它與他熟悉的厭憎、謀劃與貪念不同,它熾熱,卻又純凈,像是天馬行空的話本子里所描繪的詞一般,諸如“情竇”、諸如“悸動”。
當真如此嗎在他與方臨淵之間。
這種認知,讓趙璴握著牙箸的手都收緊了。
他是披著畫皮的妖鬼,和任何美好的詞匯都不沾邊。若是當真讓他窺見這樣美妙的一隅,他定會毫不猶豫地撲上去,搶奪、霸占、據為己有。
但是不行。
他怕一切只是他的癔癥,他欲念侵邪之后生出的妄想。
他不能嚇到方臨淵。
所以,他只能強忍著,硬收著鋒銳的利爪和叫囂的獠牙,將自己兇悍的魂魄囚禁在眼下這副昳麗的軀殼中,學著那些女妖,去試探、去誘惑。

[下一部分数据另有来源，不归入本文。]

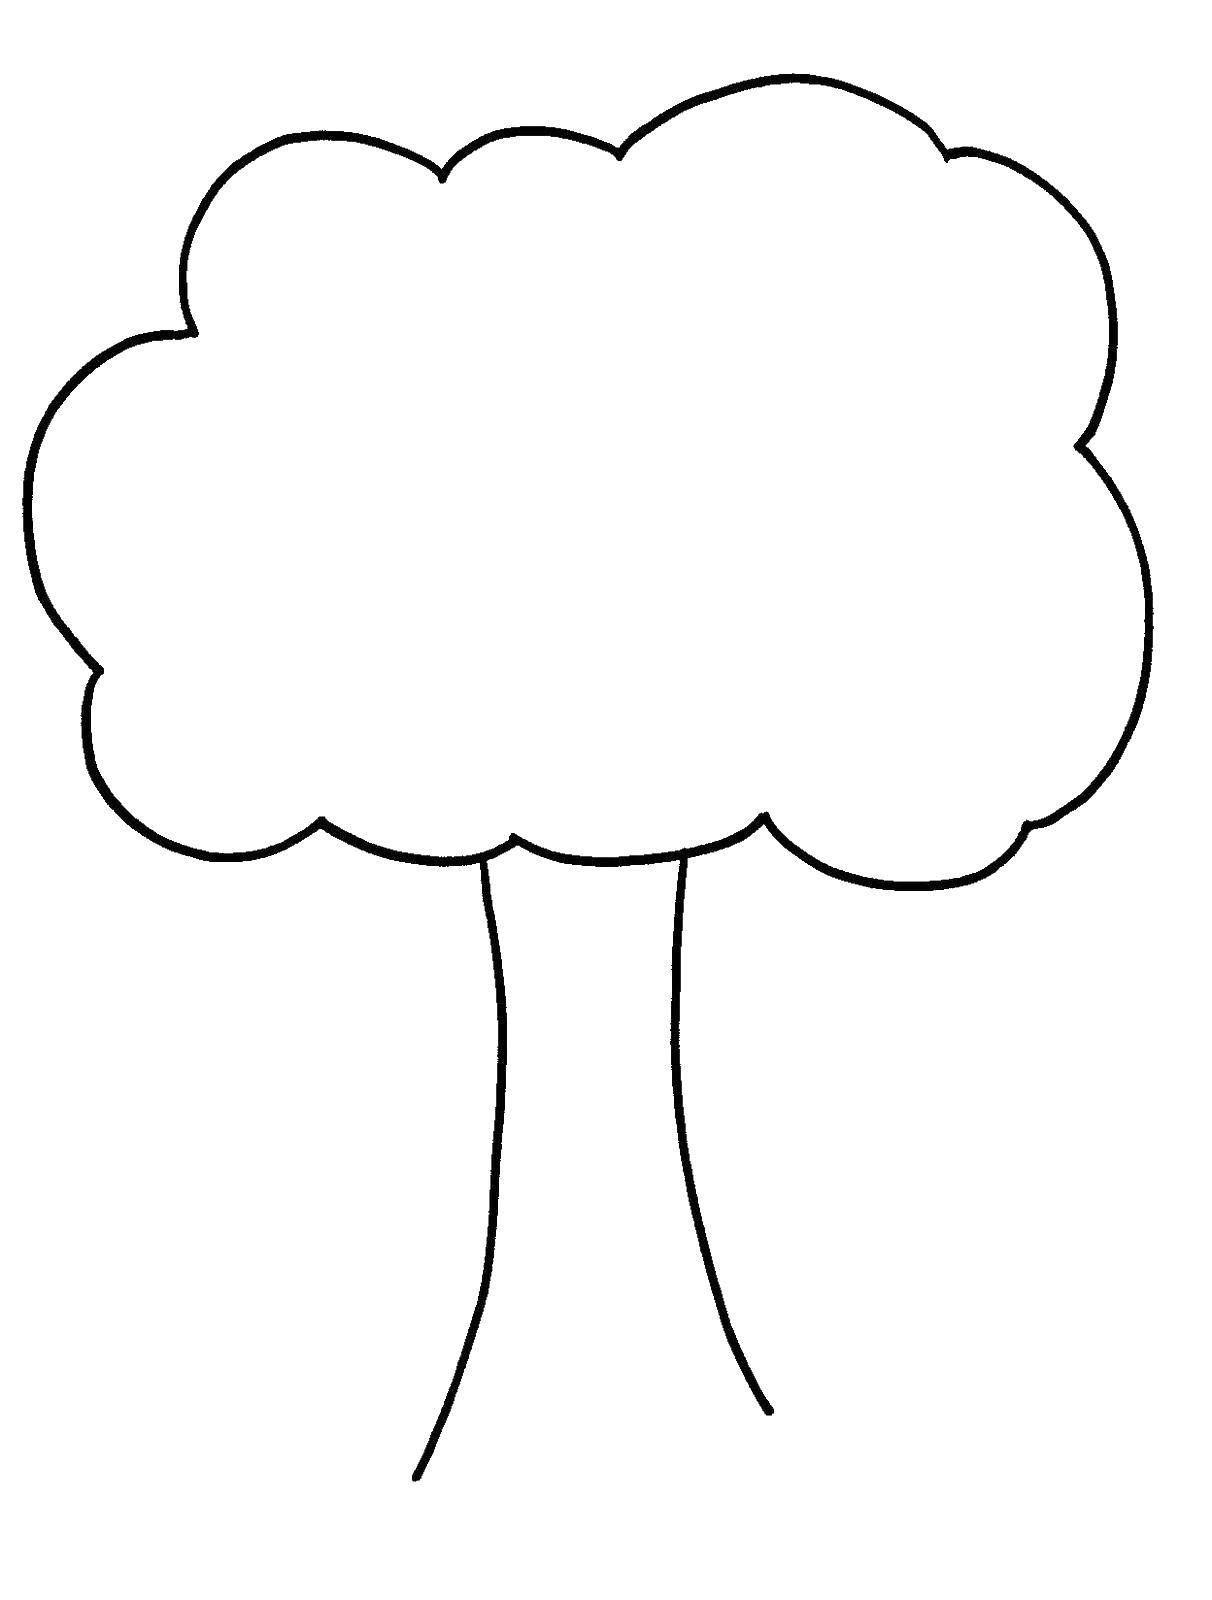 Название: Раскраска Контур деревца.. Категория: Контур дерева. Теги: Деревья, лист.
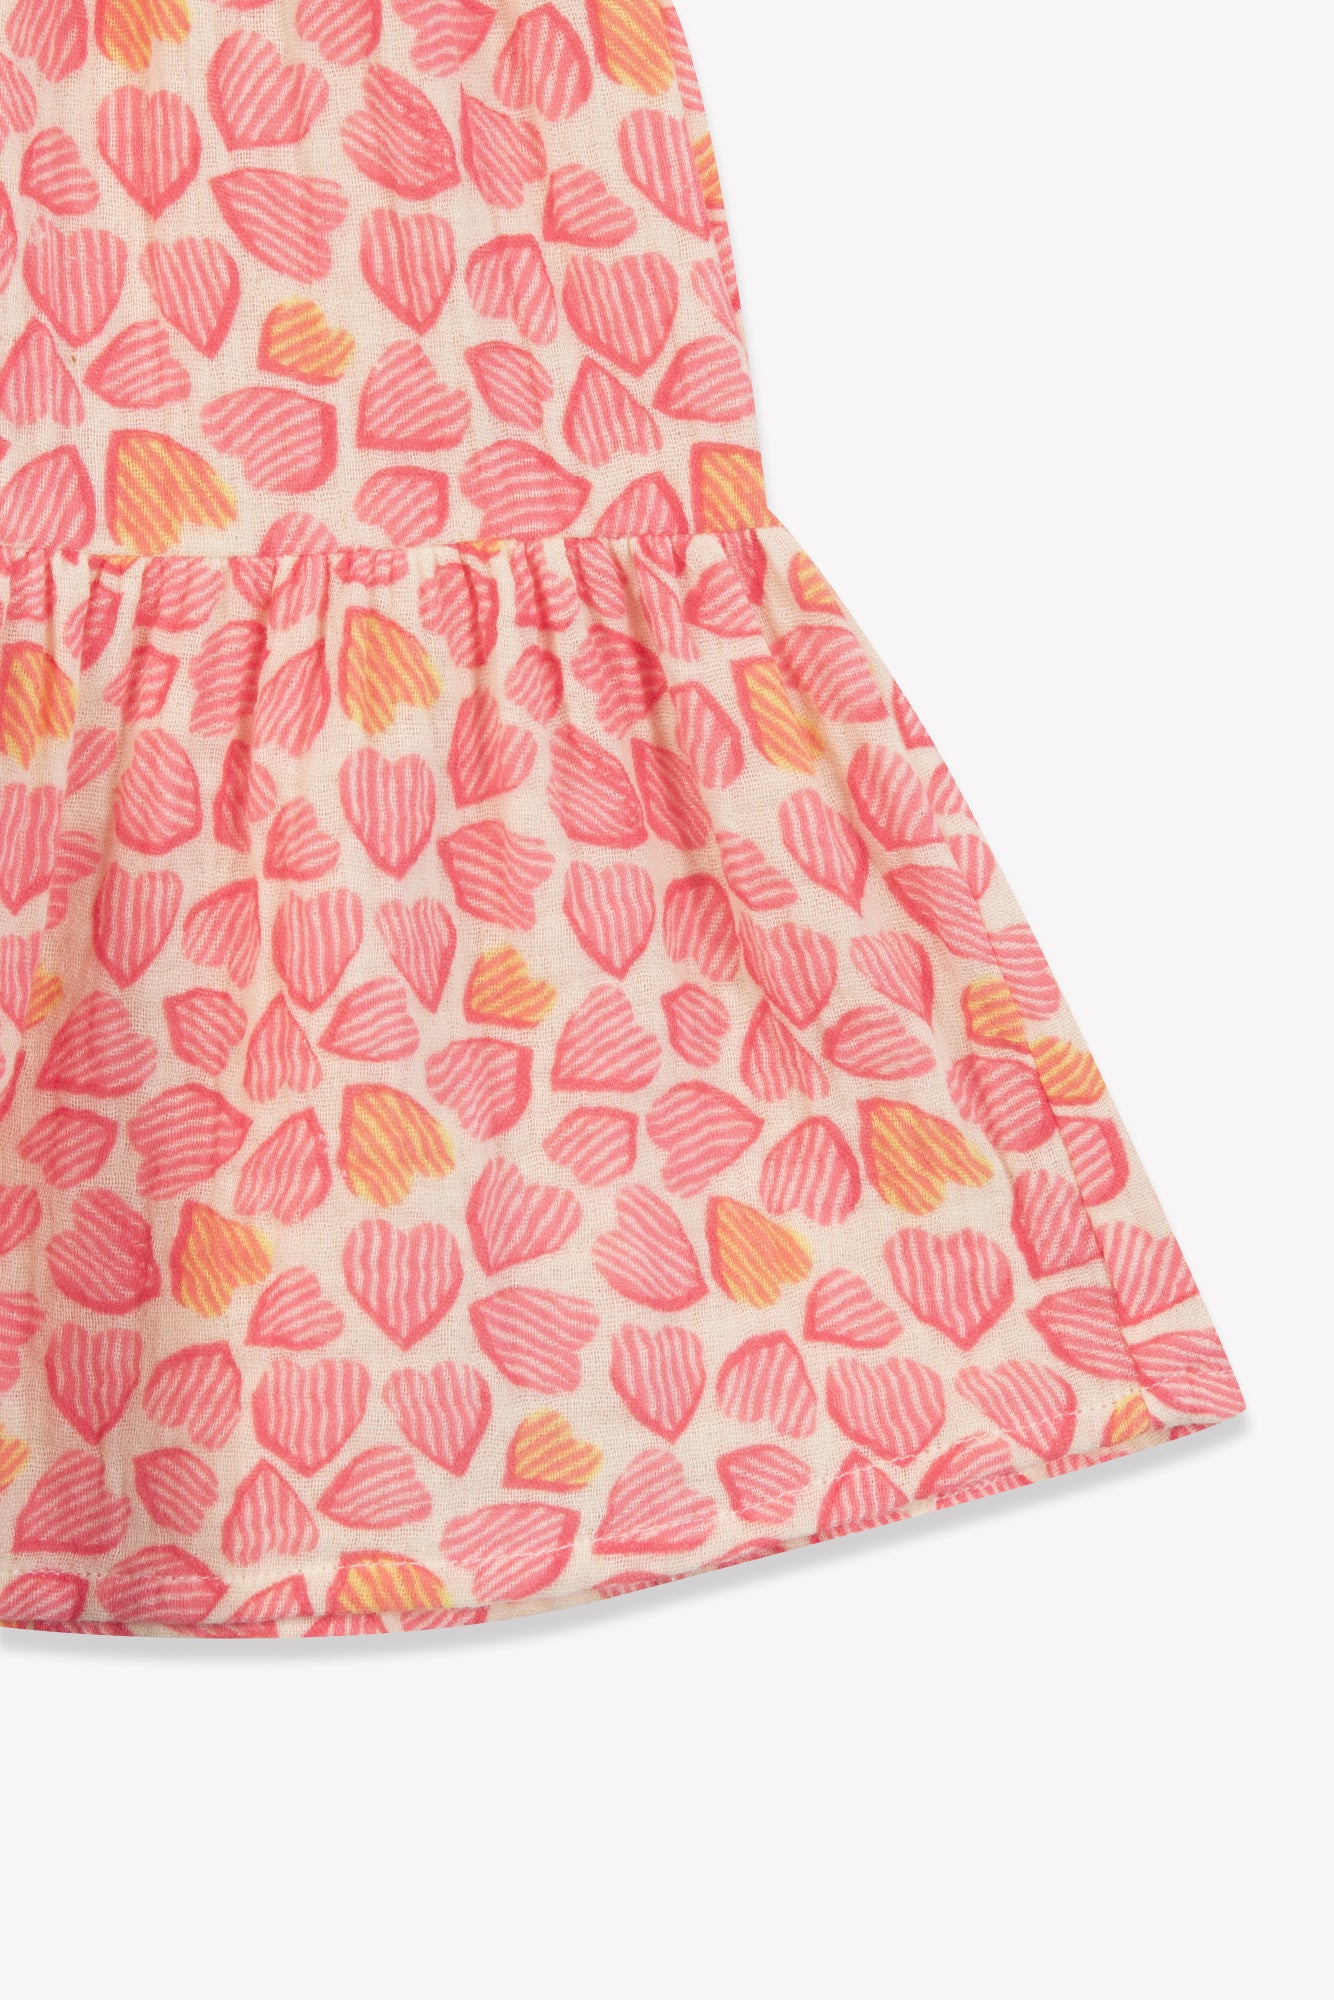 Skirt - Denon Pink Double cotton gauze Printe heart

這令他仍潛在黑暗里,但又與他以往每一次黑暗中的潛行不同。
這回,他步步為營地,是要去碰天上的太陽。
趙璴的心臟又忍不住酥麻地戰栗起來。
那日在大朝會上,對于桑知辛奏呈的核稅二十一法,鴻佑帝不置可否,以至于兩天下來,彈劾桑知辛的奏折不知凡幾,其中更有言辭激烈、出口痛罵者,說桑知辛妖言媚上,就是為了遮掩自己的丑惡行徑。
鴻佑帝一直沒有回應。
直到兩日之后,又在御書房外長跪許久的桑知辛,終于得到了單獨面圣的機會。
那天,據說陛下只問了桑知辛三個問題。
三問之后,不知桑知辛說了什么,冷置他多日的陛下竟龍顏大悅,非但恢復了桑知辛中書侍郎的官職,還將核稅法收在了御案之上,說要拿去由六部商議核準細節。
這在朝野上下,簡直是平地一聲驚雷。
陛下問了什么,桑知辛又是怎么答的所有人都想知道他是如何化朽為神的,又打算如何處置他們這些昔日的同僚與舊敵。
朝中兩派官員亂成了一團。
而方臨淵得到這個消息,亦是震驚至極。
不過,他沒像那些官吏一般急迫亂撞,畢竟再如何核查稅務與財收,他都坦坦蕩蕩并不怕查。
唯一擔憂的,就是趙璴。
他這日離了衙門,便徑直去了懷玉閣。此時時辰尚早,懷玉閣還沒布晚膳,窗外夕陽灼灼,趙璴恰坐在窗邊,手中是拿著幾封信。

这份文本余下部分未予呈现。